Asynchronous Writing
Sometimes you can get a performance gain by implementing asynchronous operations. For example, you can prepare data for the next frame, while the previous frame is being written.
Implementation of asynchronous writes in SharpAvi can properly handle multiple simultaneous operations, serializing them into a single queue internally. However, for avoiding errors, it is recommended to always wait for completion of the previous write operation before starting a new one on the same stream. Apparently, you should never modify the contents of an input buffer which was passed to an asynchronous operation until that operation completes.
When using asynchronous writing for encoding threads, remember about thread-safety issues with some of the encoders, which may require you to use the SingleThreadedVideoEncoderWrapper class.

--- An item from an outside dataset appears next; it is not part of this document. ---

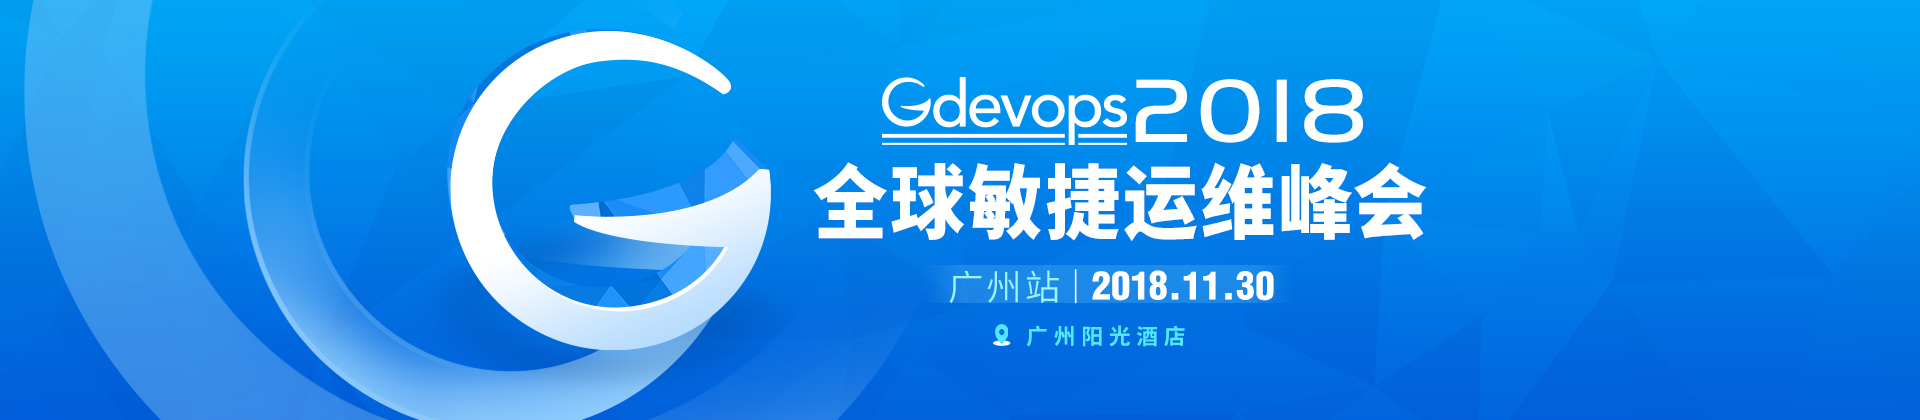 Gdevops峰会上午场:阿里、腾讯、新炬网络等技术大牛齐聚(广州站)
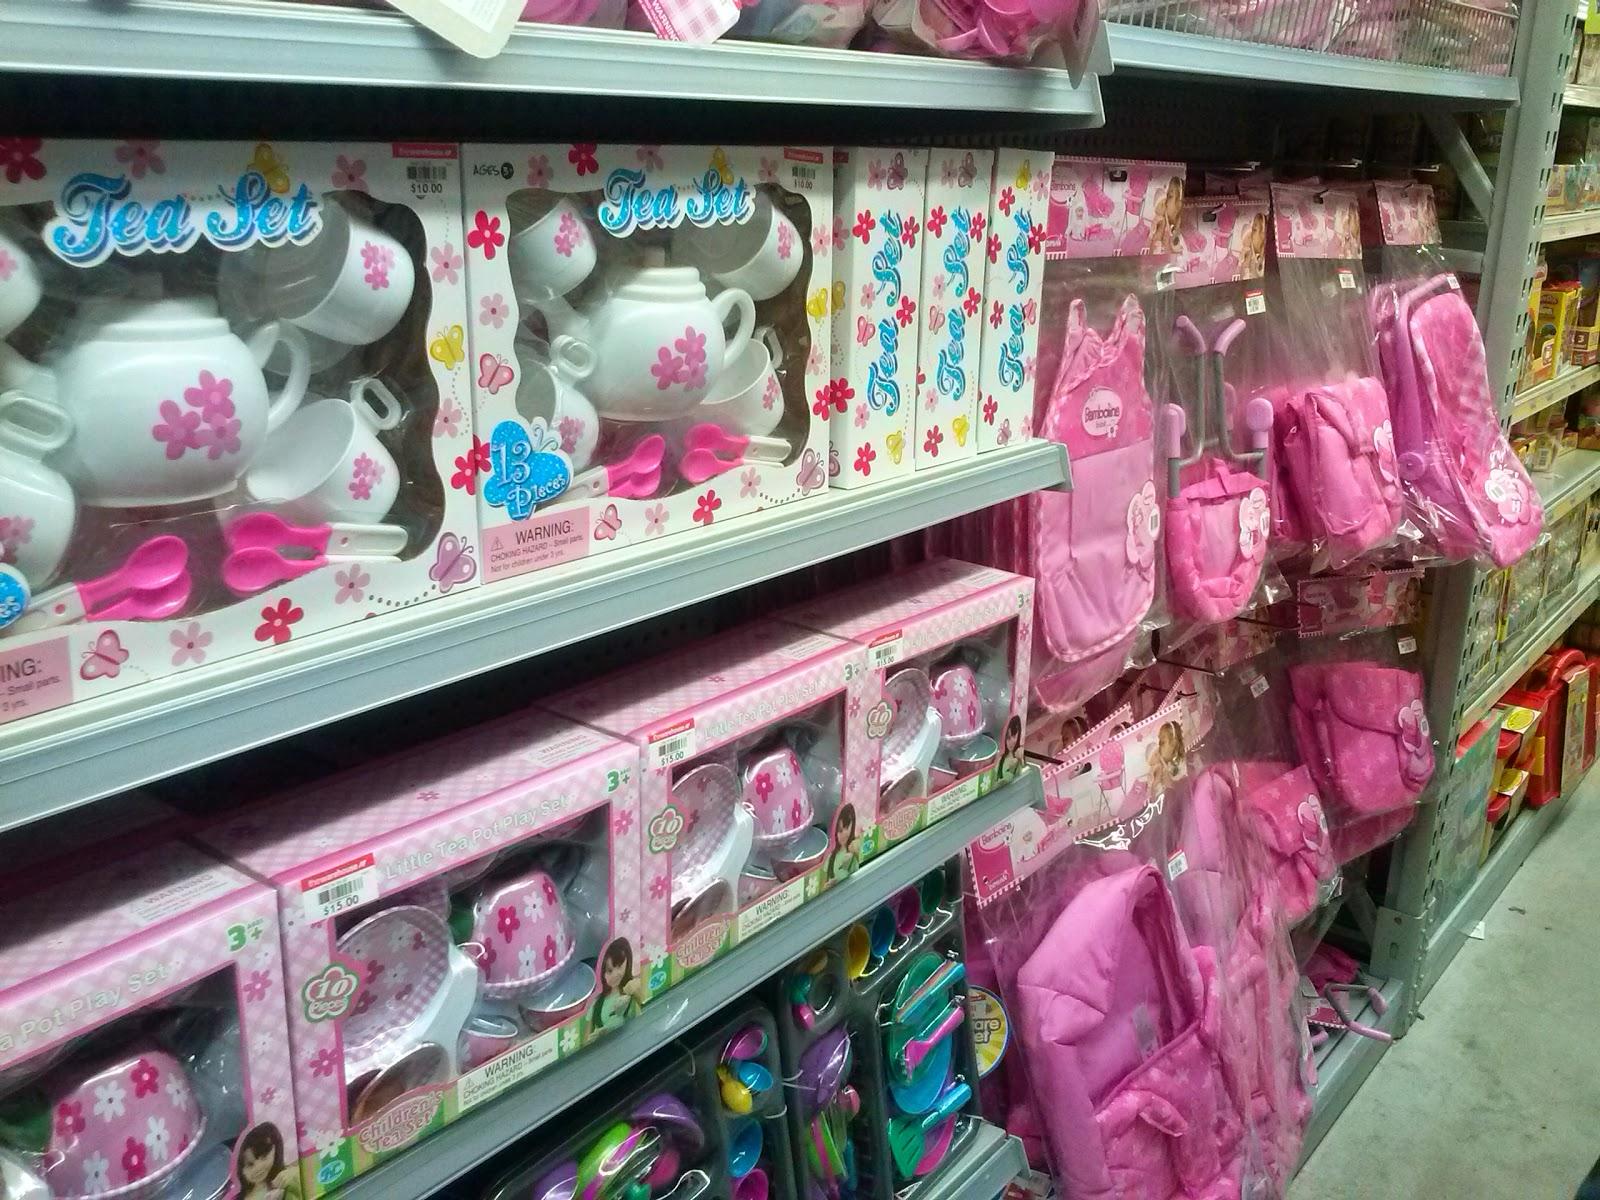 Think pink?

Method IAviVideoStream.WriteFrame
has an asynchronous counterpart WriteFrameAsync
. And there is the method IAviAudioStream.WriteBlockAsync
. On .NET 5+ there are also overloads with a ReadOnlyMemory<byte>
parameter instead of a byte array.
Asynchronous variants of methods start writing operation and return the corresponding Task
object. You can do common task operations with it - use with the await
keyword, wait for it synchronously or add a continuation task.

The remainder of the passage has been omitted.